# Serial litigants sue Harrah’s over ADA issues



## mark handler (Jan 31, 2017)

Serial litigants sue Harrah’s over ADA issues
https://lasvegassun.com/news/2017/jan/31/serial-litigants-sue-harrahs/

A disabled person with a history of suing businesses in Las Vegas has filed an Americans with Disabilities Act lawsuit against Harrah’s Las Vegas.
Robert P. Spretnak, a Las Vegas attorney listed on the court documents, filed the federal suit Sunday on behalf of Michele Joseph in U.S. District Court for the District of Nevada.

The lawsuit alleges that Harrah’s has multiple violations of the ADA involving parking, accessible routes to the business from parking, access to goods and services, public restrooms, guest rooms, and policies and procedures.

Representatives from Caesars Entertainment, which owns and operates Harrah’s, declined to comment on the lawsuit, saying it is company policy not to discuss pending litigation.

Spretnak, who said he is not the lead attorney on the suit, added that he is “happy to play his part to help” address these issues to aid handicapped people.

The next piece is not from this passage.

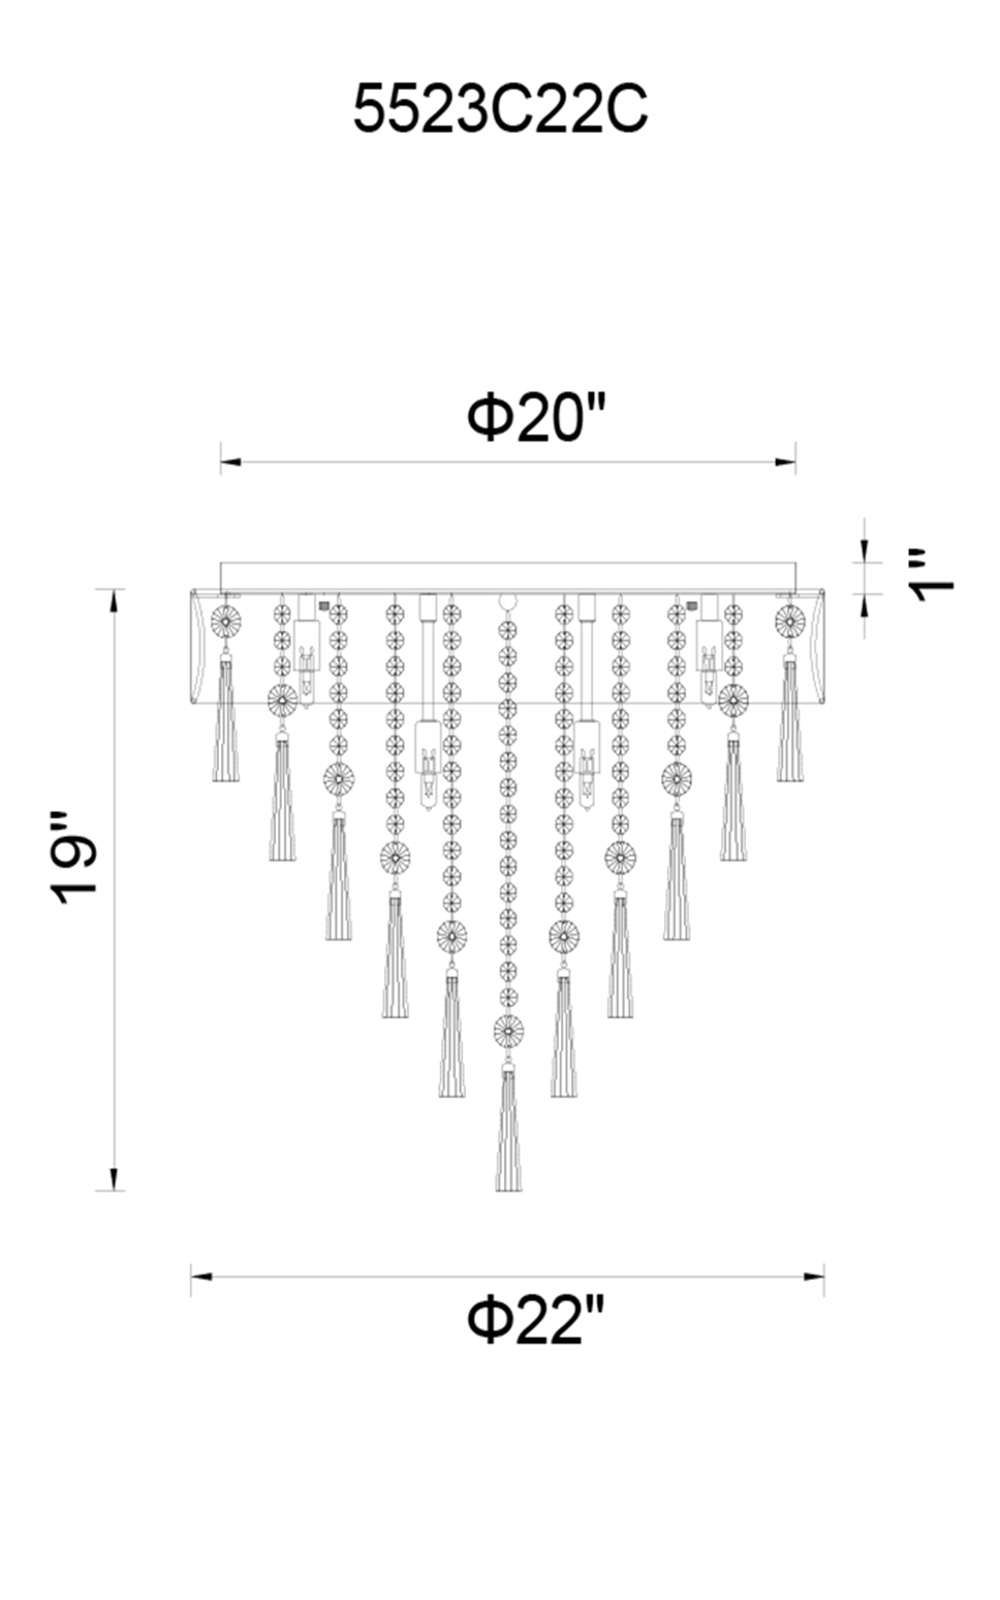 CWI Lighting Franca 8 Light Drum Shade Flush Mount With Chrome Model: 5523C22C (BLACK) Line Drawing

Owen B. Dunn Jr., of Toledo, Ohio, also listed in court documents, is the lead attorney, Spretnak said. A phone call to Dunn was not returned before this report was posted.

The lawsuit describes Joseph as a "tester," someone who enters businesses with the specific intent of “discovering, encountering and engaging discrimination against the disabled in public accommodations.”

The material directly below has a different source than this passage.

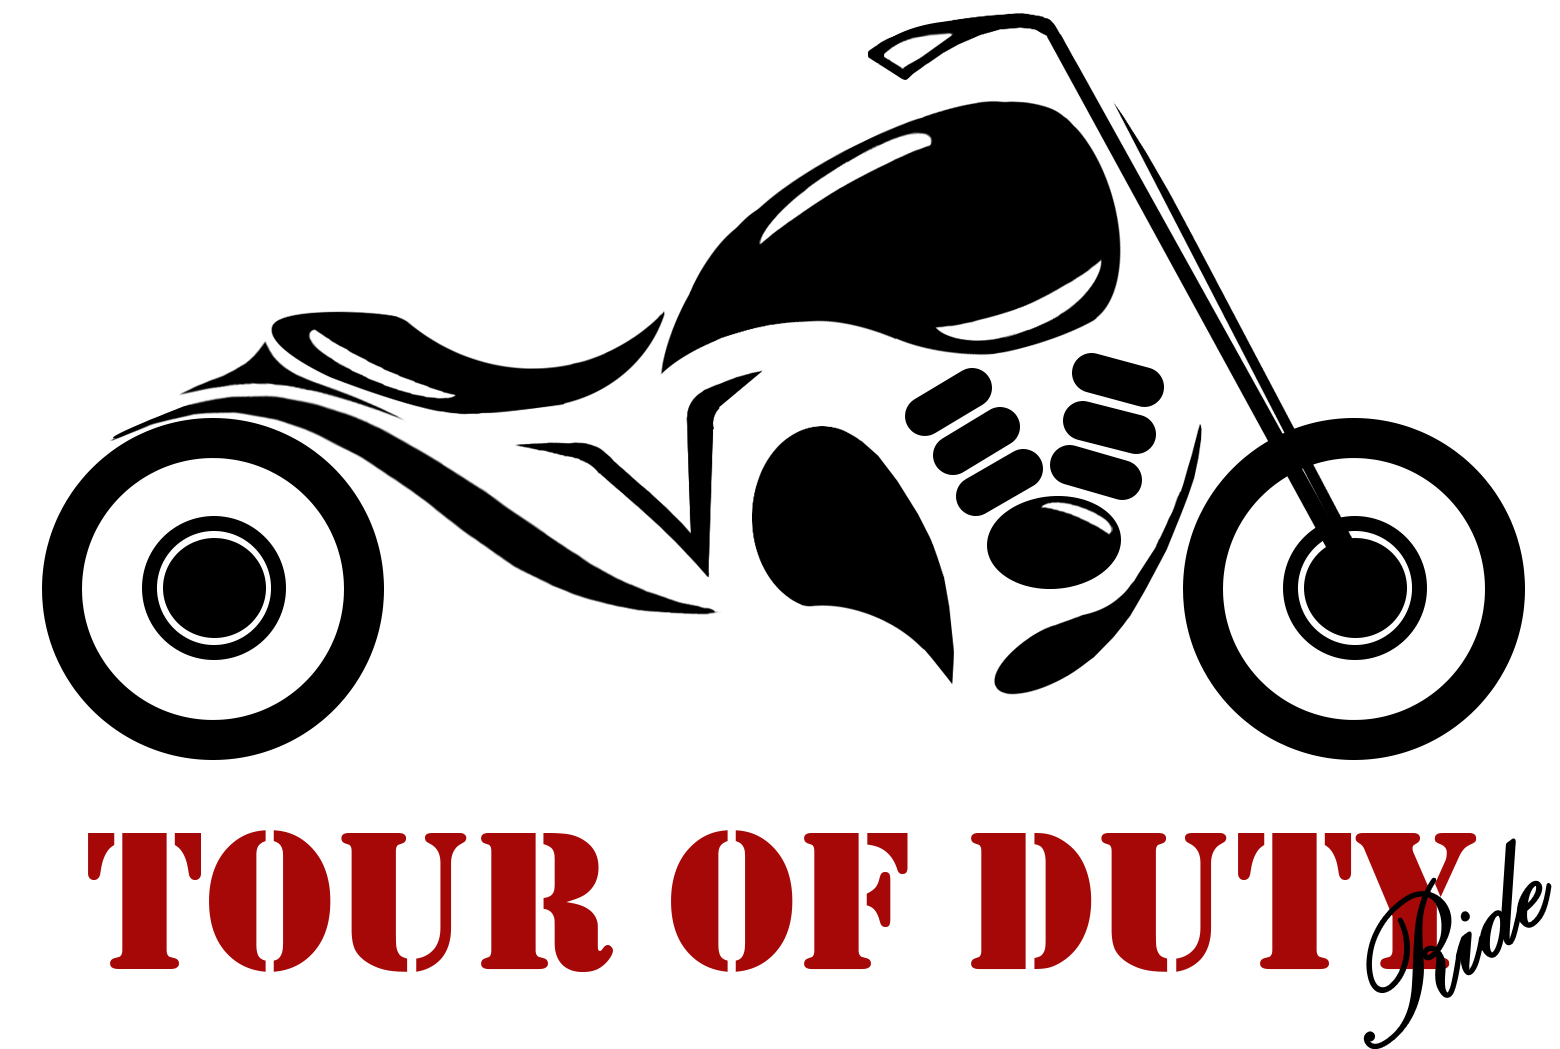 tour-of-duty-ride-logo

Joseph, Mark Allison and an organization to which they belonged called the American Patriots Advocating for Disabled Rights have been involved in a number of similar lawsuits in the Las Vegas area through the years.

In a search of a federal court database from Jan. 1, 2001, through Monday, the American Patriots Advocating for Disabled Rights is listed as a plaintiff in eight cases. Both Joseph and Allison are listed in several others for that same time period.

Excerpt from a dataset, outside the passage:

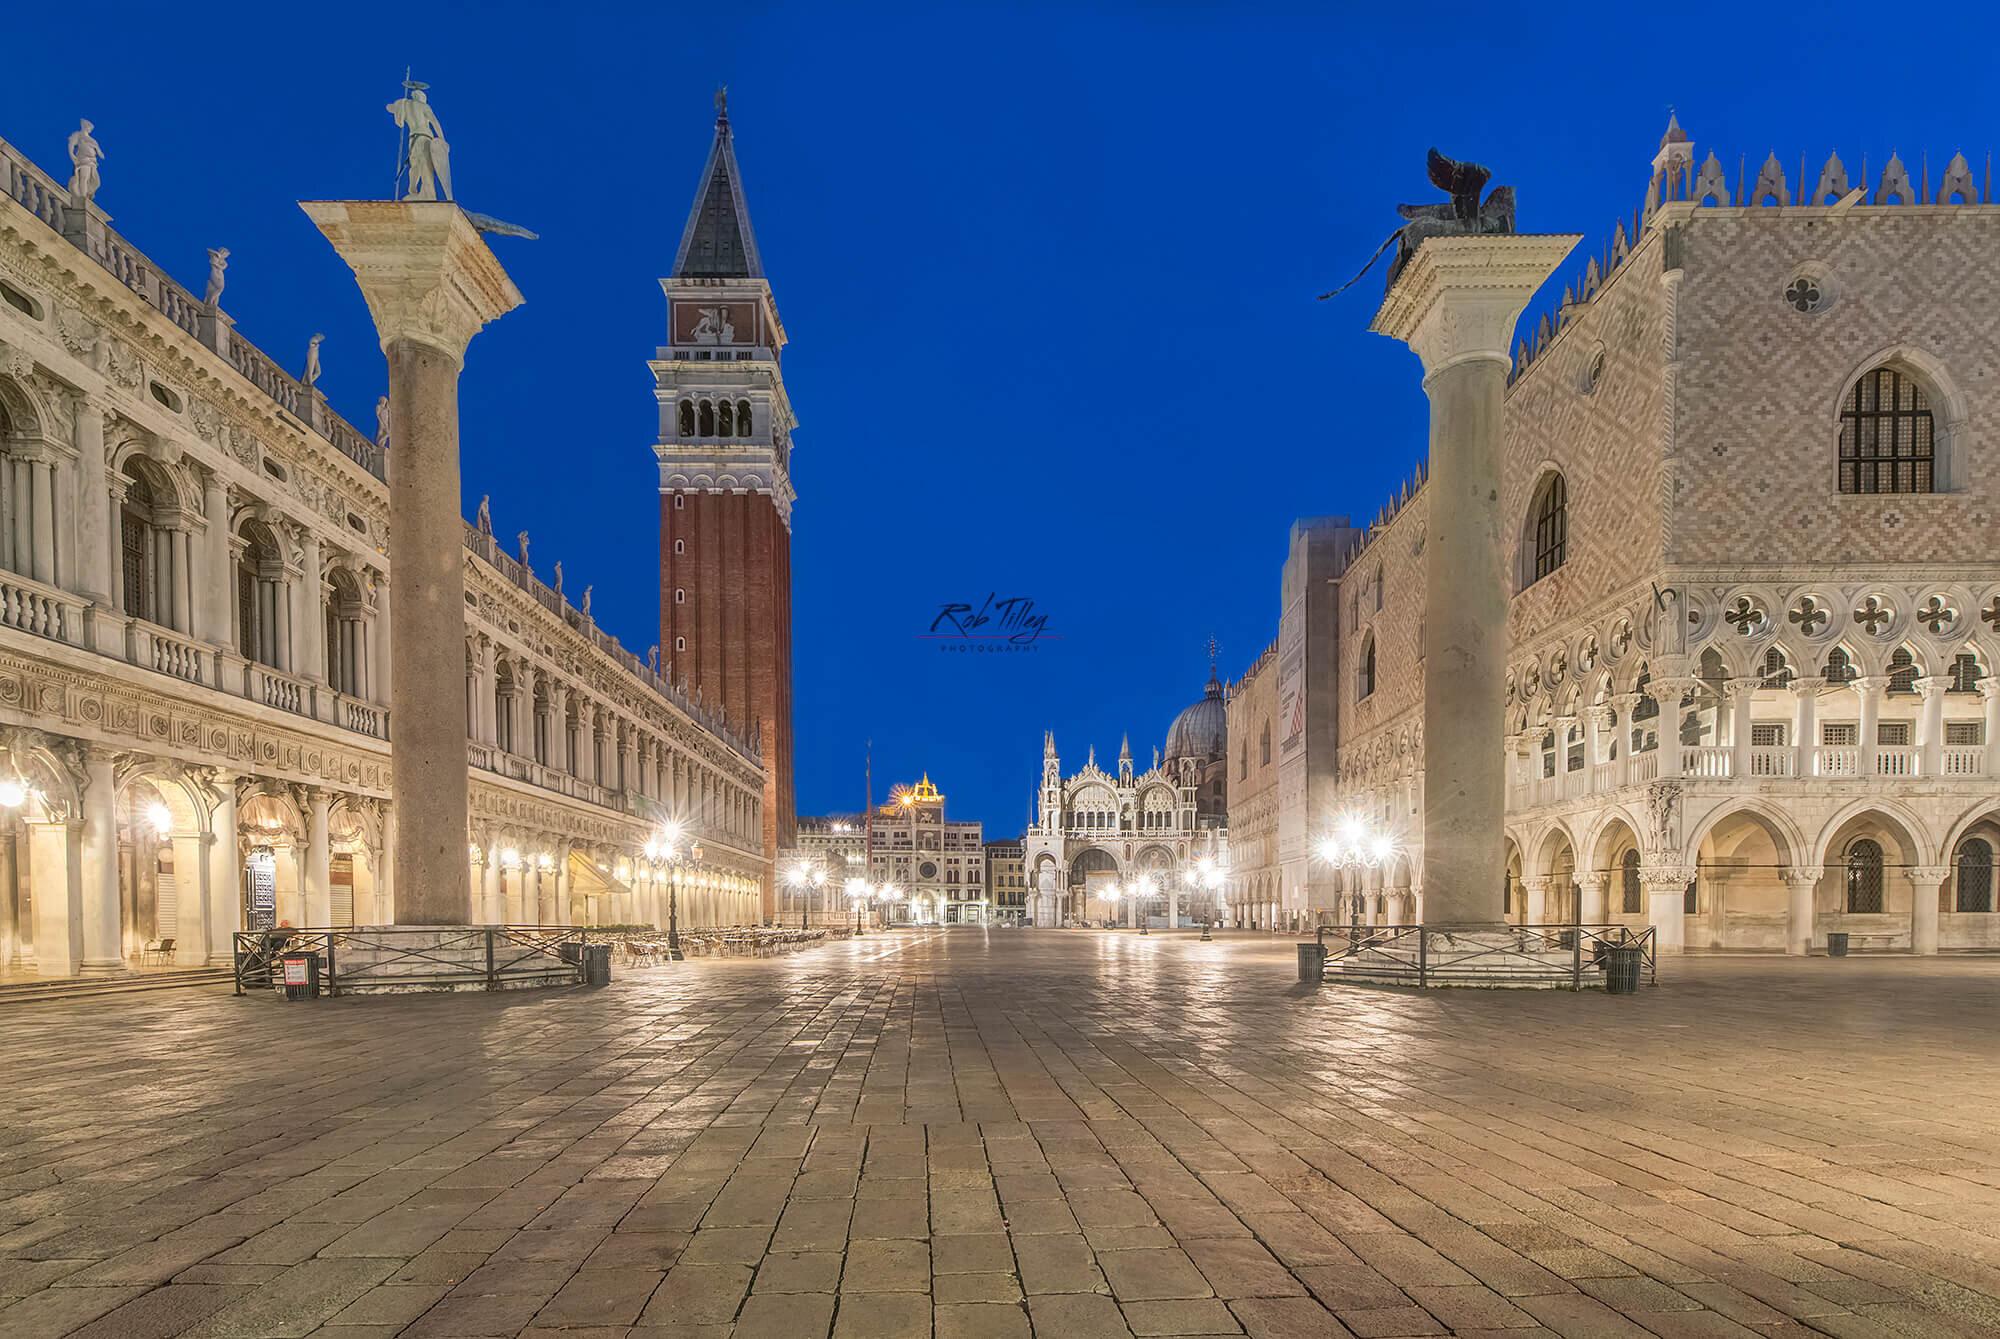 San Marco Piazza Dawn.jpg

In May 2010, the group sued Budget Suites of America. In 2008, the group made similar allegations against Palace Station. Also in 2008, it sued the Super 8 Motel in North Las Vegas.

Federal court records also show that American Patriots reached out-of-court settlements of similar complaints it lodged against the Las Vegas Hilton, Blockbuster Video (9240 W. Sahara Ave.) and three rental suite facilities in Las Vegas owned by L.A. Wilshire Corp.

In documents as part of the Budget Suites lawsuit, attorneys for Budget Suites described the group as “professional litigants that have created a cottage industry by exploiting Congress’ well-intentioned statute, the Americans with Disabilities Act, into an income-producing mechanism.”

Spretnak said it is not unusual for disabled people to run into access problems in multiple places and said “there is very little money to be made in these lawsuits."

Neither Allison nor American Patriots Advocating for Disabled Rights is a party to this most recent suit against Harrah’s.


----------



## steveray (Feb 1, 2017)

That's why Blockbuster went out of business!....Those villians!


----------



## mark handler (Feb 1, 2017)

steveray said:


> That's why Blockbuster went out of business!....Those villians!


Blockbuster, as well as 99% of other video Stores, went out of business due to streaming online/internet. NOT ADA.
More Alternate Facts? That's why this country is in such disarray. Lack of logic, business closes, must be ADA's fault. IF A, then B.


----------



## ADAguy (Feb 1, 2017)

Alternate Fact:

They do not appear to be serial litigants but then the search would not necessarily reveal out of court settlements.

Thank you for your continuing to alert us to these cases.


----------



## conarb (Feb 1, 2017)

ADAguy, the other day I was in a Costco and saw that all of their motorized riding, shopping carts had new large placards on them stating "Maximum Weight 500 lbs", isn't that discriminating against the fatsos over 500 lbs?


----------



## ADAguy (Feb 1, 2017)

Just a disclaimer, knowing that "larges" shop at Walmart they should also provide higher capacity carts too, or none at all.

Its sort of like saying disabled vs Handicapped, which is more offensive? 500 max or 500 (+)?


----------



## HForester (Feb 9, 2017)

Most stores have pallet jacks and small forklifts...but what about the toilet stalls and the weight capacity of the commodes?  Are we endangering these weight challenged folks by allowing them to sit on a WC that is underrated for their weight?


----------



## ADAguy (Feb 10, 2017)

Ah, "the thrones", porcelain if floor mounted is quite strong in :compression, less so when wall hung (their support brackets are rated to 1,000 lbs in dead load but the porcelain can fail under dynamic load (think a couple of 300 lb high school lineman fooling around after practice. Better to use prison grade stainless steel. Obesity is/should be an "increasing" consideration in public design.

This has yet to be "tested" in the courts, remember "code" minimum vs best practice.


----------